Bank are about to appoint a receiver to my property, Is it better to sign a voluntary surrender willingly or try to negotiate a deal to sign it in exchange for a write down ?

It would seem to me that I should not sign a surrender unless a shortfall solution has been agreed, 


Sent from my XT1032 using Tapatalk


----------



## robert 200 (22 Mar 2014)

Some banks are doing deals , others are not . Which bank are you with ?


----------



## michaelg (22 Mar 2014)

Ulster bank,  things are changing so fast with banks now, it's difficult to know what to do,

Sent from my XT1032 using Tapatalk


----------



## robert 200 (22 Mar 2014)

A friend of mine got a writedown of 2M last week with Ulster so they are doing deals.
I dont know any more details. If I was you I would try and get a writedown as it would
prevent them tormenting you in the future.


----------



## Brendan Burgess (22 Mar 2014)

If they are at the stage of appointing a receiver, I doubt if they will be open to negotiating a deal with you.  

They might do a deal afterwards. 

Is this for the site you mention in this post?  

I think it would be a lot better for everyone if you did a voluntary sale. 

Brendan


----------



## michaelg (22 Mar 2014)

Yes, it's that site,, but why would it be better for me to do a voluntary sale ? Surely I have more leverage in negotiating by not signing ?

Sent from my XT1032 using Tapatalk


----------



## Brendan Burgess (22 Mar 2014)

It's very hard to know. 

They won't do a deal with you. So you can refuse to sign.
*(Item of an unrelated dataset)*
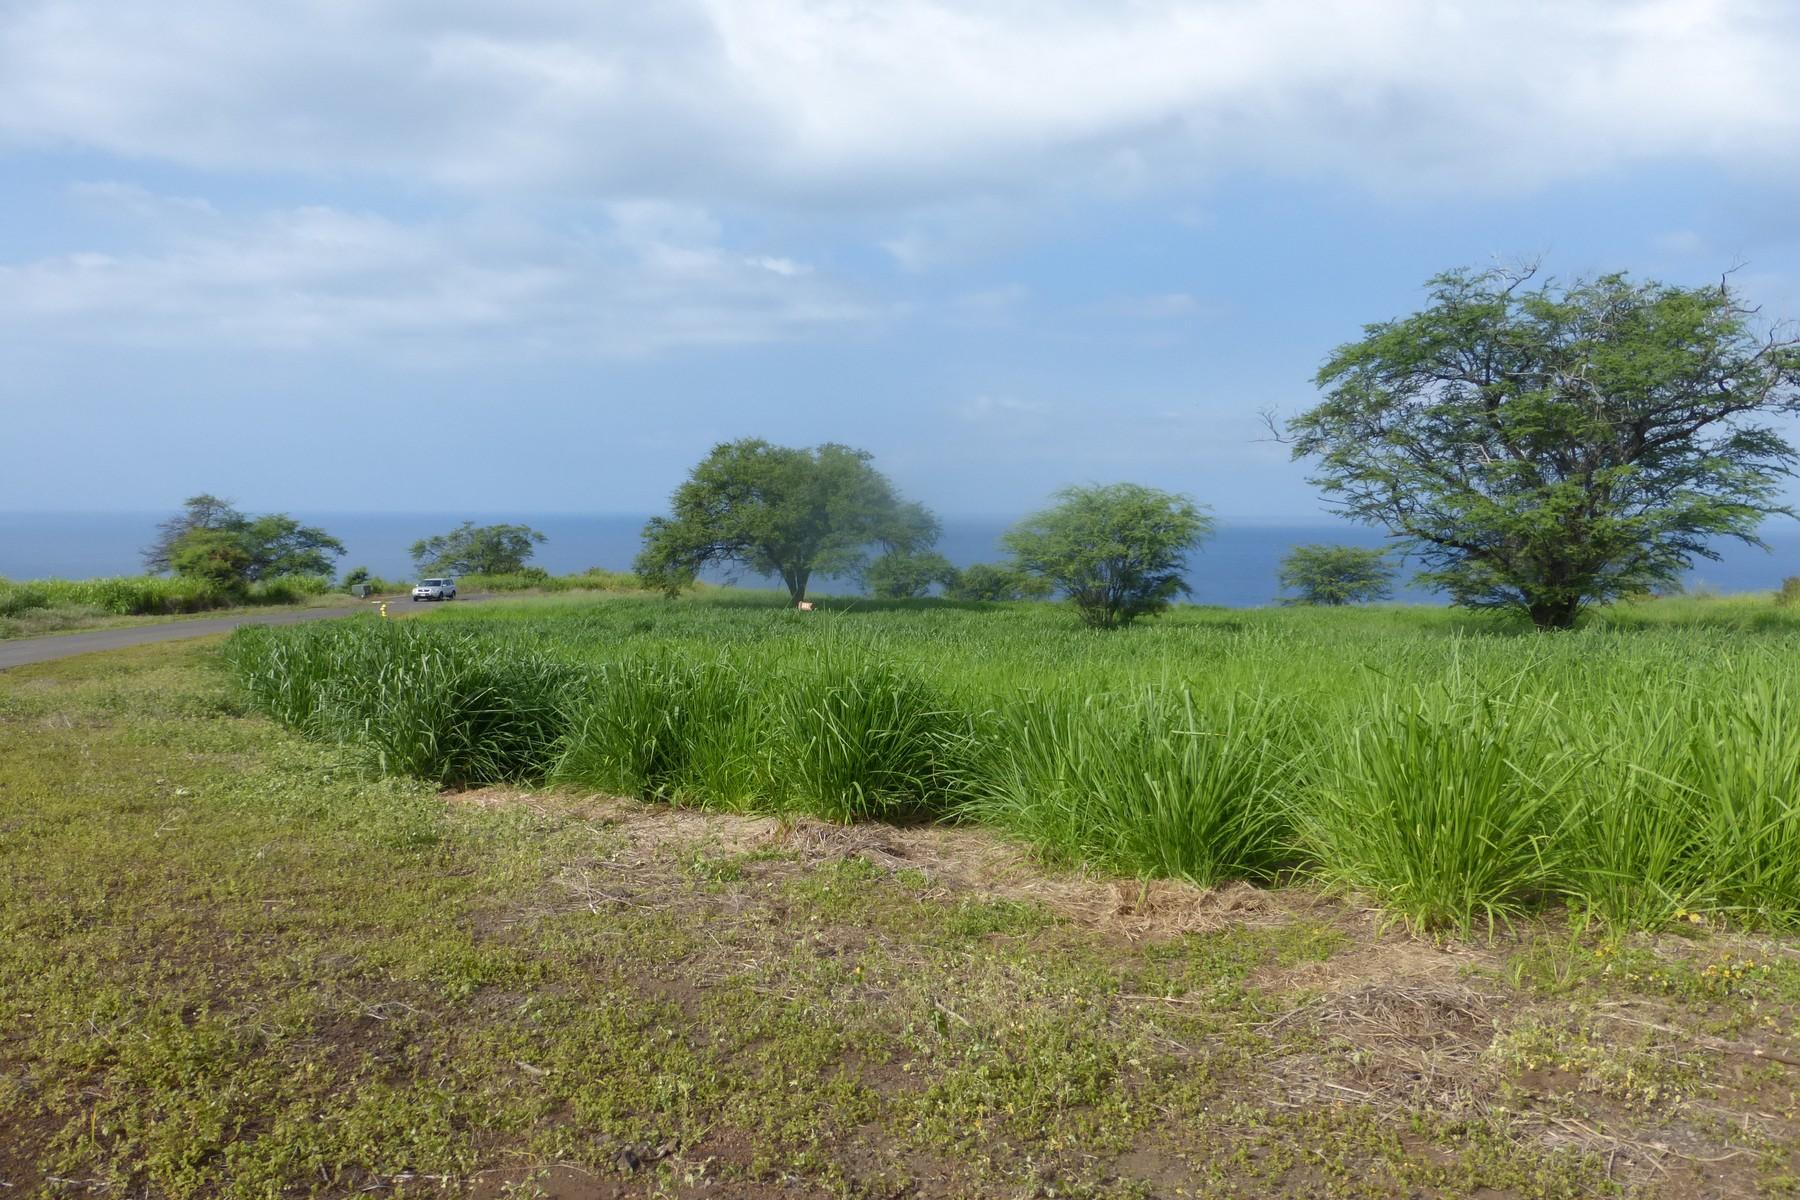 Land for Sale at Hokuli'a Phase 1 81-6559 Mau Pa Way Kealakekua, Hawaii, 96750 United States

They appoint a Receiver - you get no benefit. 

If you agree to sign, they might cooperate with a PIA or other arrangement afterwards. 

Brendan


----------



## michaelg (22 Mar 2014)

Strangely I had a call yesterday from a bank official, he said if I submit a sfs on Monday over the phone, they could stop the receiver. 
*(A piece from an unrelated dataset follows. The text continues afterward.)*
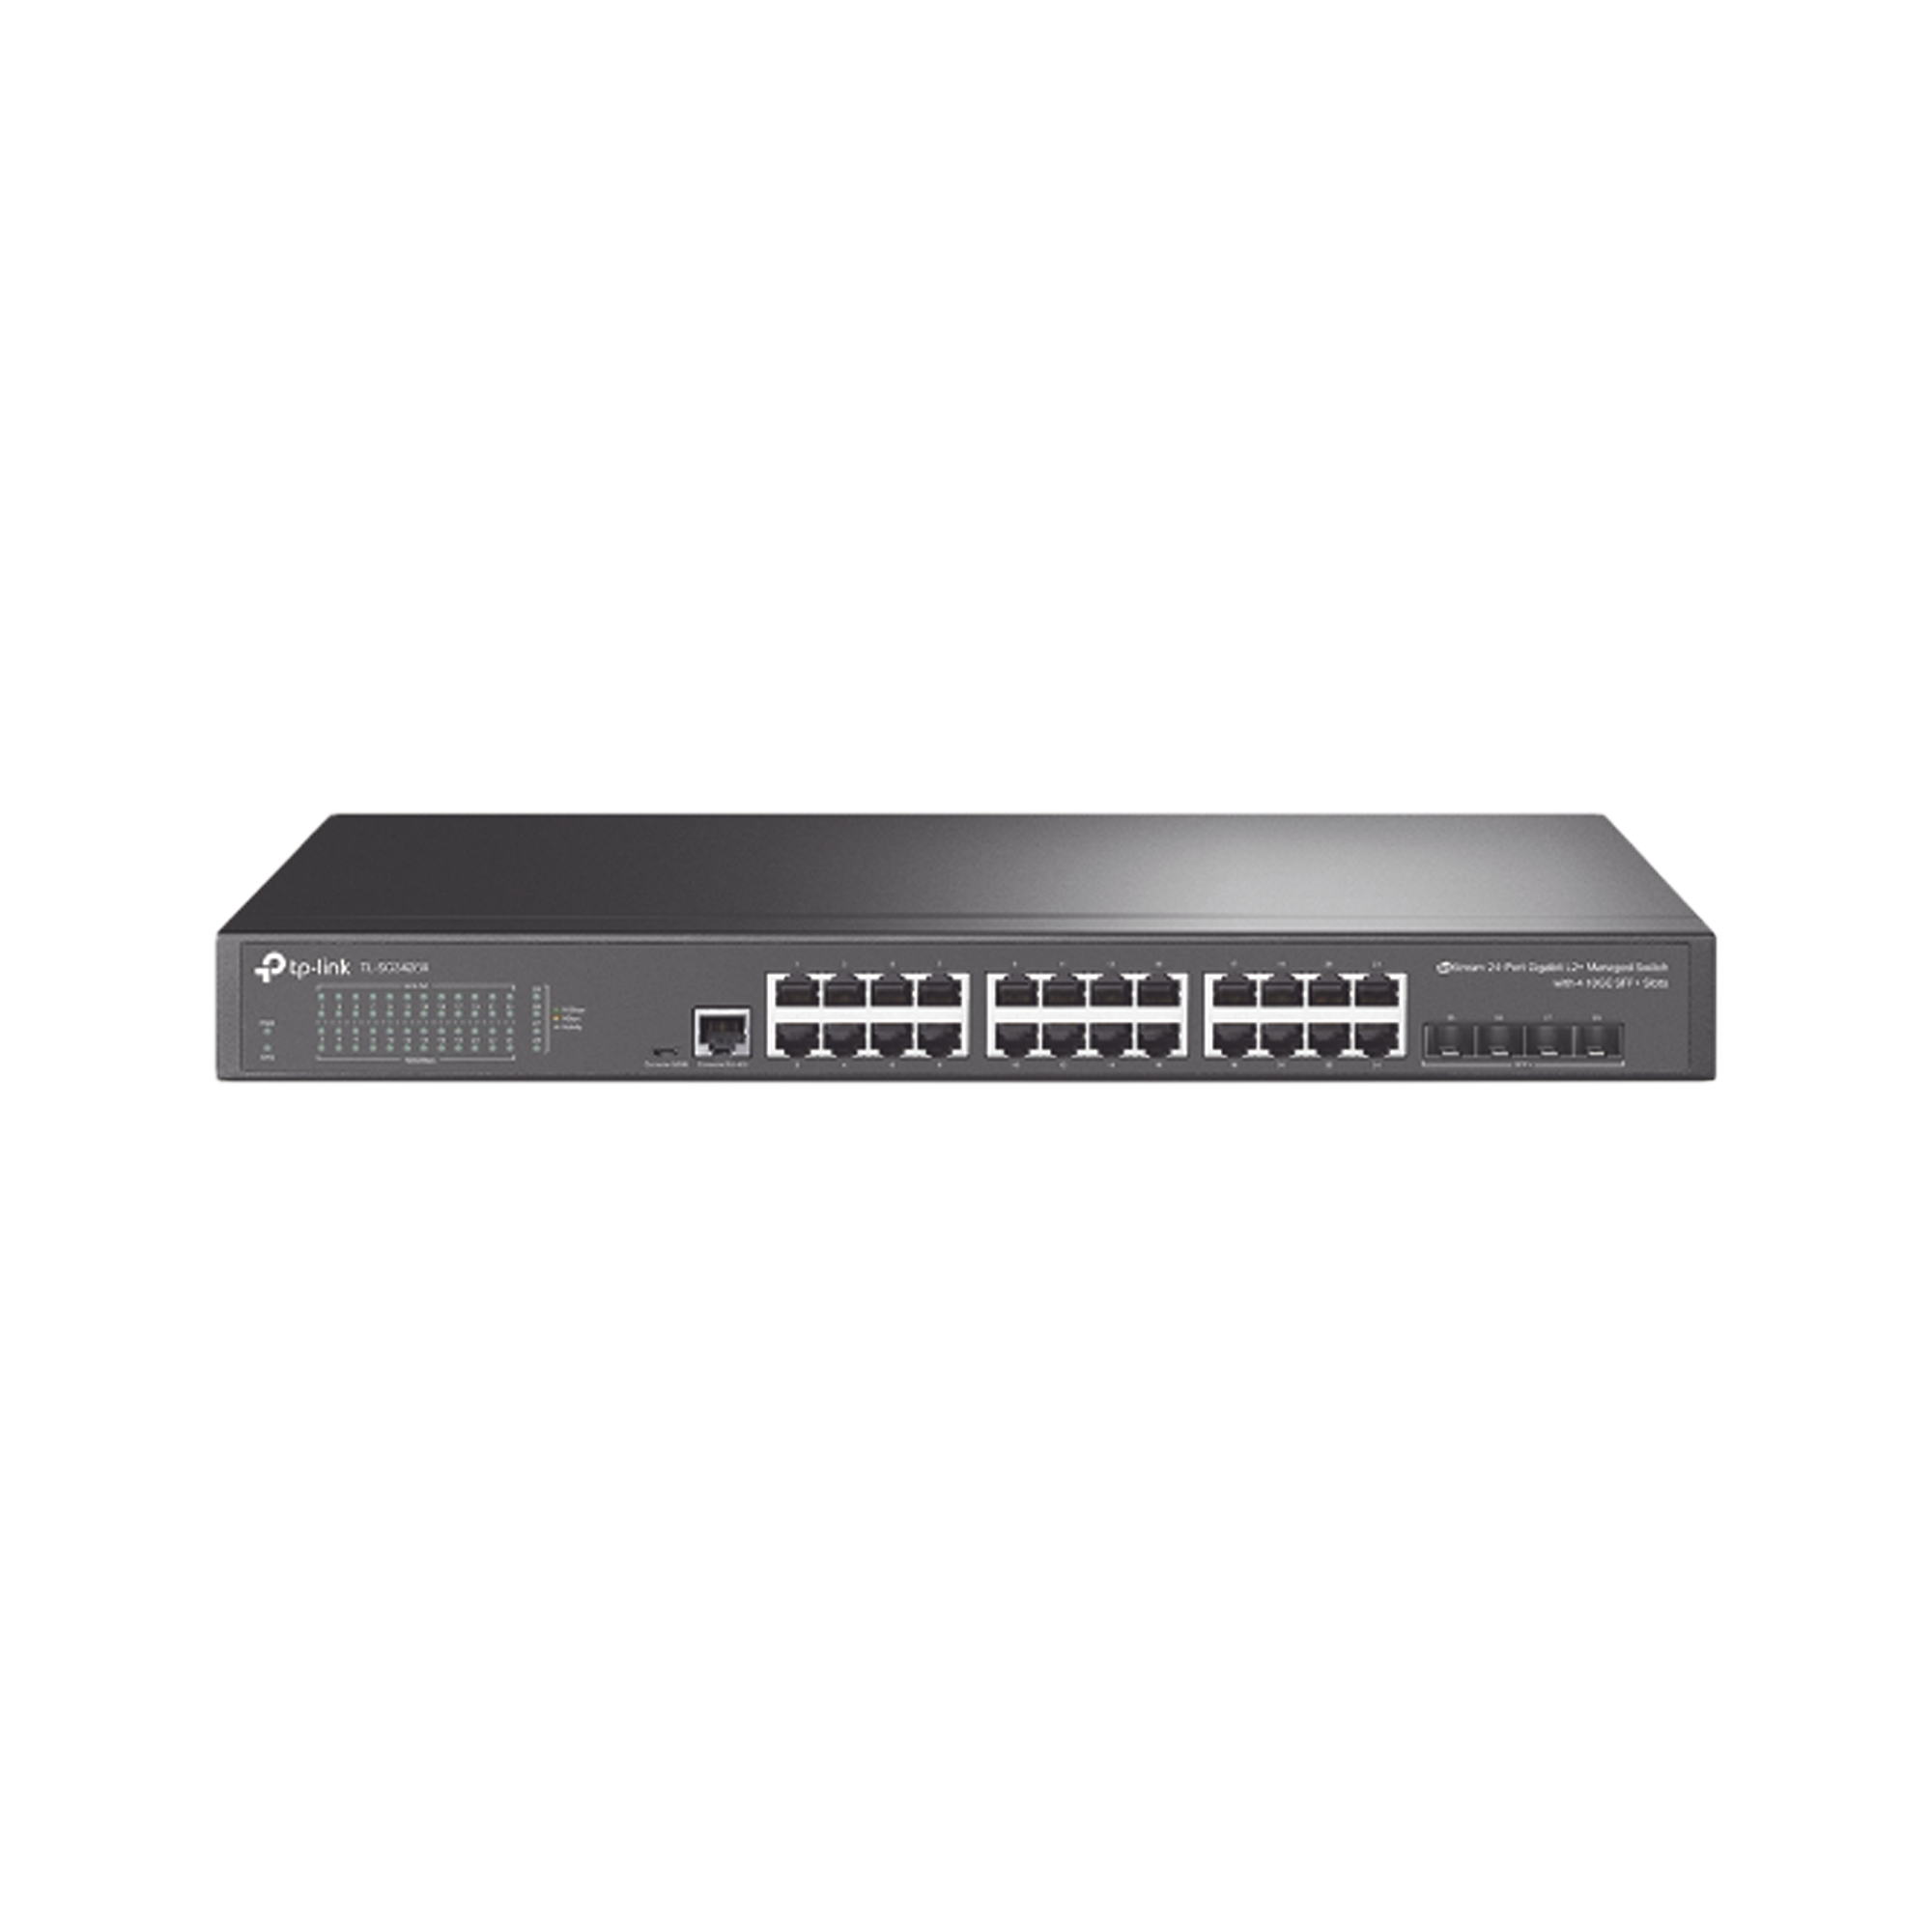 Switch JetStream SDN Administrable 24 puertos 10/100/1000 Mbps + 4 puertos SFP+, administracion centralizada OMADA SDN

Sent from my XT1032 using Tapatalk


----------



## michaelg (5 Apr 2014)

Spoke to bank last week and they offered me a 6mths moratorium which I declined, it's for a site which I know I've lost anyway.. Now they want me to meet one of their representatives which I've agreed to,,  

Sent from my XT1032 using Tapatalk


----------



## michaelg (12 Oct 2014)

Ulster bank never followed through with a meeting and instead appointed a receiver,,


----------